The resulting difference score is the euclidean norm of the final 16 components. If the compared structures are the same, the sum is equal to zero. The more the structures differ, the larger the sum becomes. A perfect prediction algorithm would score 0 in this sum metric, but of course even crystal structures of the same protein under different conditions differ slightly, so a 0 score is not possible.

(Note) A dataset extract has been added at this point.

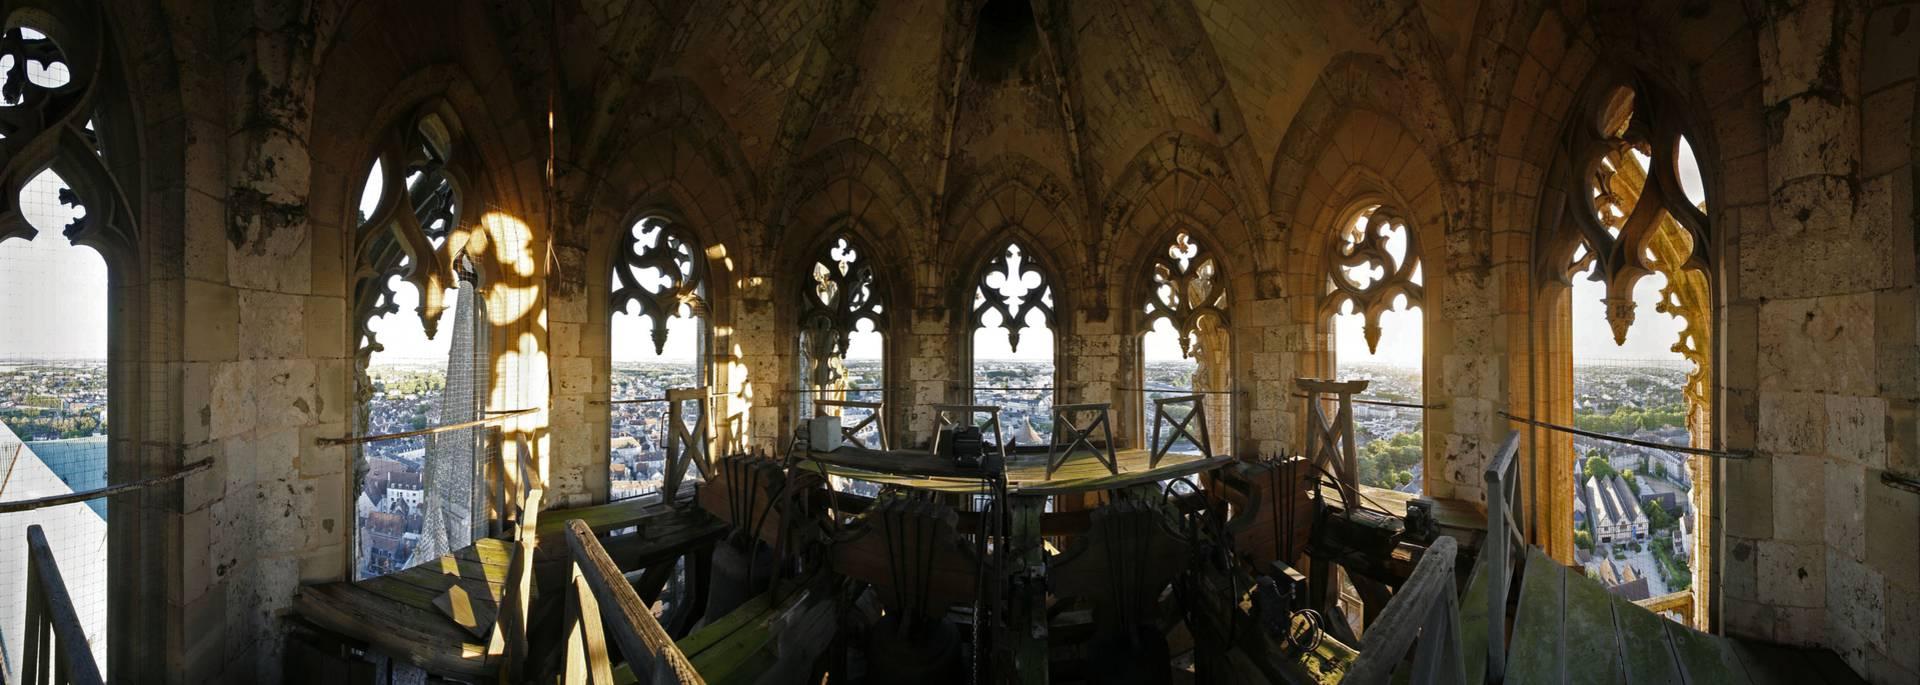 cloches de la cathédrale

Scores are then used to rank each antibody from each group/algorithm/method. The sum of the ranks provides an overall performance ranking per group of all 26 antibodies in the BIOCAD dataset. A lower overall summed score indicates better predictive performance for each group/algorithm.
- High-Resolution Comparative Modeling with RosettaCM. Song Y, DiMaio F, Yu-Ruei Wang R, Kim D, Miles C, Brunette TJ, Thompson J, Baker D. Structure. 2013 Oct;21(10):1735-1742
- Second Antibody Modeling Assessment (AMA-II). Almagro JC, Teplyakov A, J Luo, RW Sweet, S Kodangattil, F Hernandez-Guzman, G. Gilliland. Proteins. 2014 Aug;82(8): 1552-1562.
- Improved prediction of antibody VL-VH orientation. Marze NA, Lyskov S, Gray JJ. Protein Eng Des Sel. 2016 Oct;29(10):409-418.
- ABangle: characterising the VH-VL orientation in antibodies. Dunbar J, Fuchs A, Shi J, Deane CM. Protein Eng Des Sel. 2013 Oct;26(10):611-20.